No one would fault a parent for taking time off work to care for their sick child. Most companies provide benefits to make sure employees can do just that. However, most wellness and care management programs would miss the opportunity to help that parent through a difficult time. The programs typically focus on a single disease and the person who has it. As a result, their view of the physically healthy parent’s challenges is, at best, myopic.
But what if companies could understand the true risk of an employee’s dependents—and how that risk affects the employee’s paid time off patterns?
Logically, one would expect parents of children with higher levels of illness to have more absences. However, to quantify the increase in lost work days and the costs to employers, one must have the proper data and the ability to make the necessary connections among that data.
HCMS Group LLC has found a way to pinpoint this information. To do it, they had to address several factors.
To acquire this level of insight, one must be able to calculate absence at the person level and connect dependents’ benefit experiences to an individual employee. One must also have the correct absence data, which includes short- and long-term disability, workers’ compensation, and sick leave. In addition, all these data types must connect seamlessly to health plan data. Without this unique collection of data sets and the ability to connect them at the person level, it would be difficult to quantify incremental lost work days.
HCMS Group LLC used its Research and Reference Database (RRDb) to analyze employees who were eligible for all health plan and absence benefits in 2016 and 2017. You can find more details about the parameters in the Methods section.
Not surprisingly, employees with higher-risk dependents had more total lost work days than employees who had no dependents or low-risk ones.
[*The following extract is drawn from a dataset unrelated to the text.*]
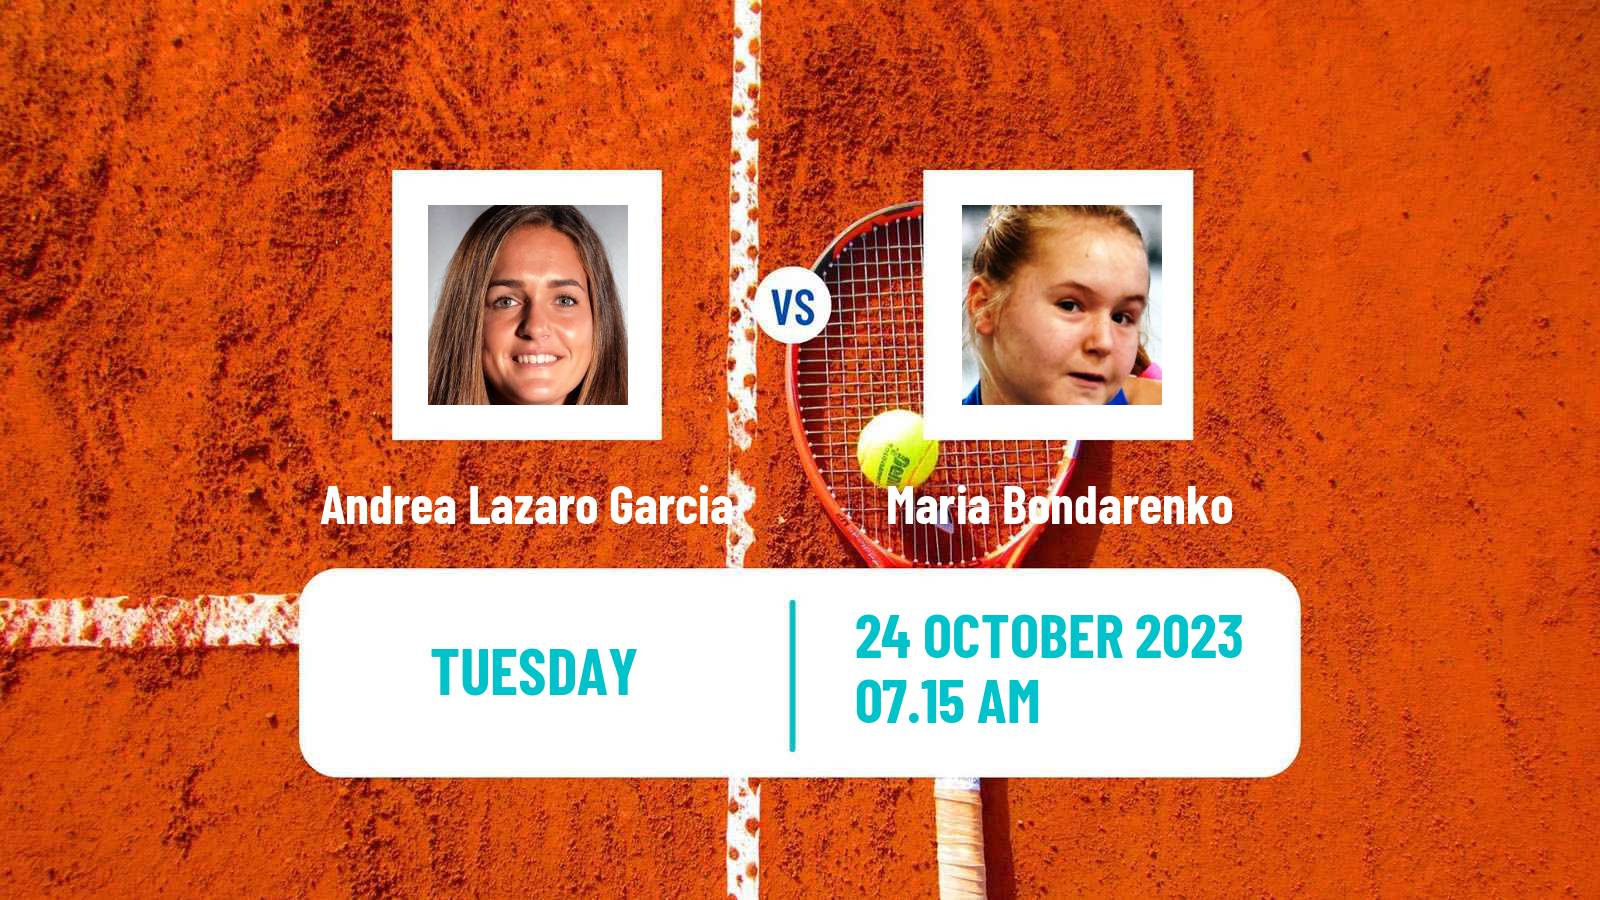 Tennis ITF W100 Les Franqueses Del Valles Women Andrea Lazaro Garcia - Maria Bondarenko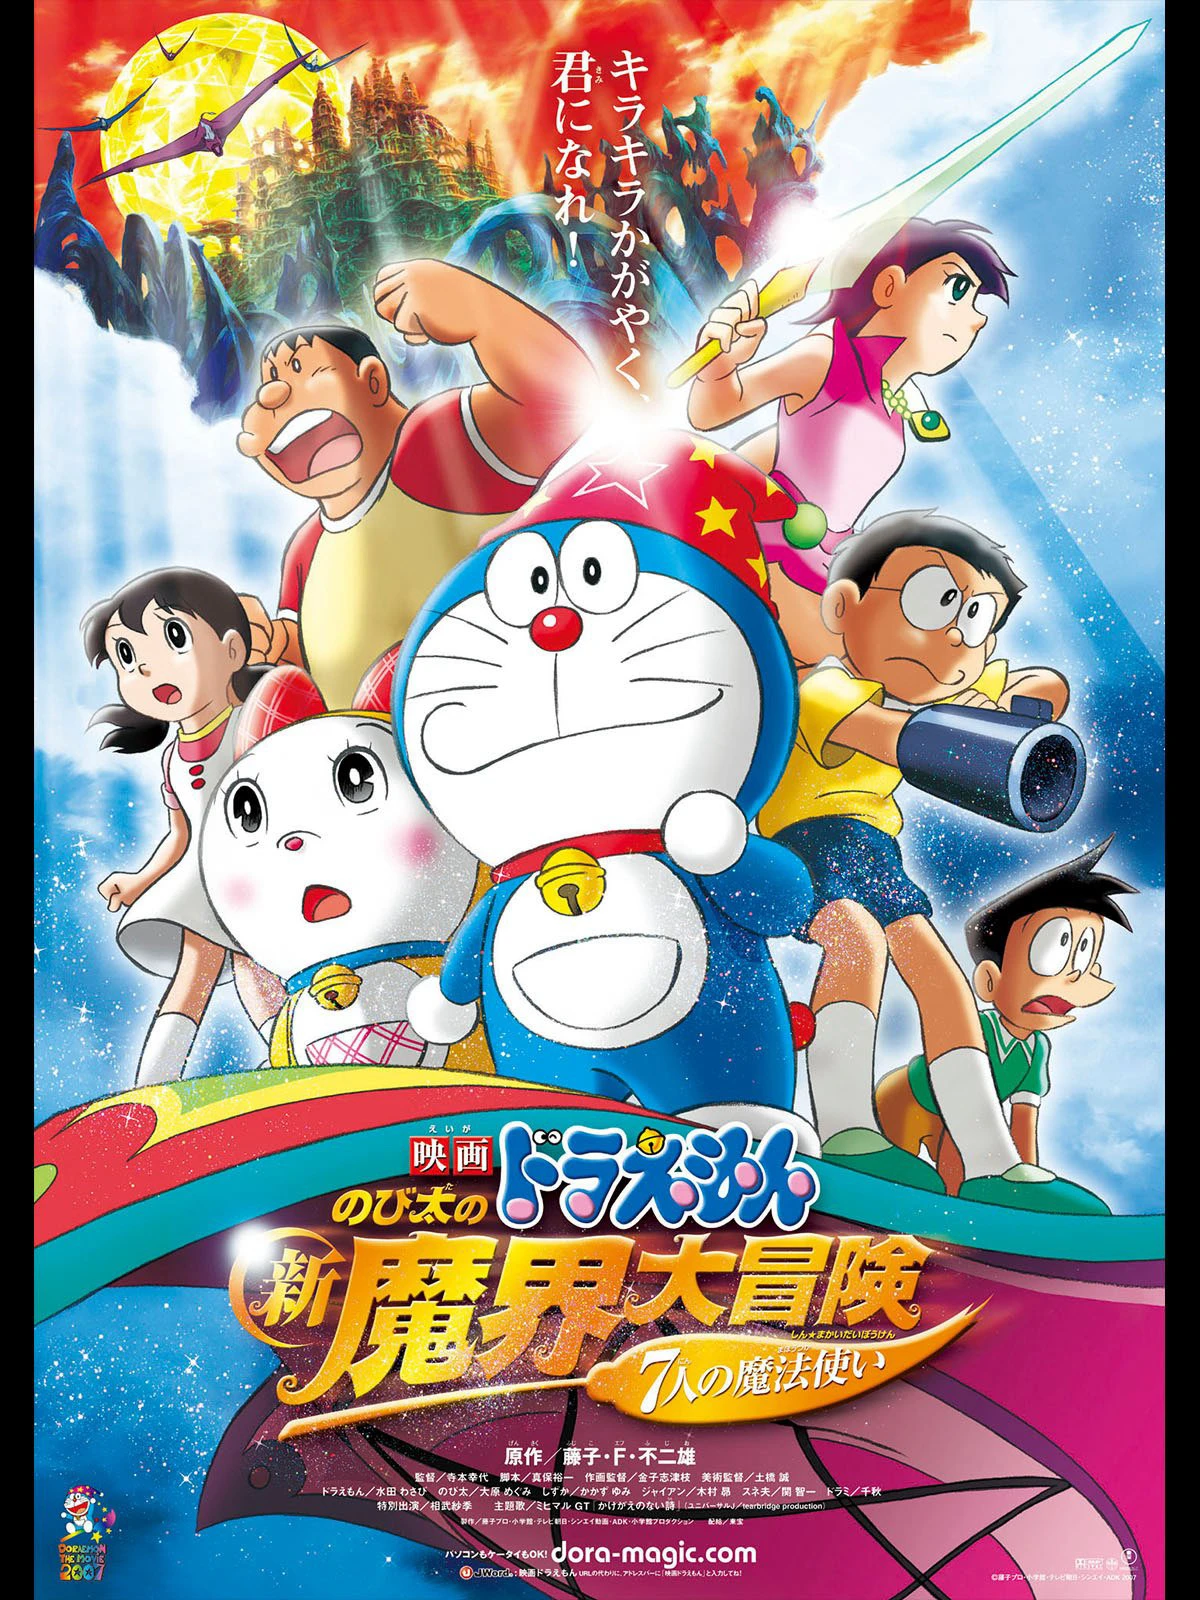 Doraemon the Movie: Nobita's New Great Adventure into the Underworld | Doraemon the Movie: Nobita's New Great Adventure into the Underworld (2007)

The high-risk group had an extra three days of absence per year (Figure 1) compared to employees with low-risk dependents, mainly due to increases in STD and sick leave. (See Table 1 for a detailed comparison of the three groups.)
Figure 1 – Differences in total annual absence days
Table 1 – Detailed comparison of the three groups
Performing a simple calculation shows how this can be quantified into incremental spend for an employer. Figure 2 shows the expected increase in annual labor costs that results from these excess absence days.
Figure 2 – Estimated Costs = Incremental Lost Days x Number of Employees x Average Daily Salary
Knowing employer costs, no matter how exact the numbers, reveals only part of the picture. When a child has medical problems, their family faces astronomical costs—if not financial, certainly emotional. So how can employers help employees who have sick children? Without integrated data at the person level and a whole-person focused approach to care, these cases would generally be overlooked or mishandled.
KnovaSolutions, the clinical program offered by HCMS Group LLC, is designed for this type of situation. Identifying affected employees is the first step. Outreach and enrollment are then completed, and a nurse begins to work with the covered employee. The nurse can support the employee and provide advice on the child’s health issues. In many cases, this can alleviate some of the employee’s burden.
Using a person-centric, integrated view of benefits data and clinical care is the best way to reduce employee absences and provide support during difficult times.
Eligible employees were classified into three groups: those without dependents, those with low-risk dependents, and those with high-risk dependents. To minimize the impact of maternity-related short-term disability absence, only dependents ages 6 months to 18 years were analyzed. Risk was quantified using the patent-pending Human Capital Risk Index (HUI) score from HCMS Group LLC.
Results in Figures 1 and 2 and Table 1 were calculated using employees who were employed and enrolled in all absence types for the full 24-month time period (spanning 2016 and 2017). Statistical significance tests were done using tests with a significance level of p < 0.05.
A longitudinal regression modeling approach was used to ensure that differences between the groups’ results were not attributable to differences in the demographics of the groups. The results held each year from 2013 to 2017. Note that this population was required to be employed and enrolled in all absence types for the years 2013 to 2017.
Figure 3 – Regression adjusted results by year
Two-part regression models were used to produce adjusted results. Generalized linear models were used to account for the non-normal distributions associated with absence days. The first model assumes a binomial distribution with a logit linking function and is used to estimate the probability of having absence days greater than zero. The second model assumes a gamma distribution and a log link function and is used to estimate absence days for those employees with absence days greater than zero. The estimates of the two models are multiplied together for each employee to get a final estimate of expected total absence days. Finally, because each employee has multiple records (one per year), a repeated measures option was specified along with an autoregressive error structure.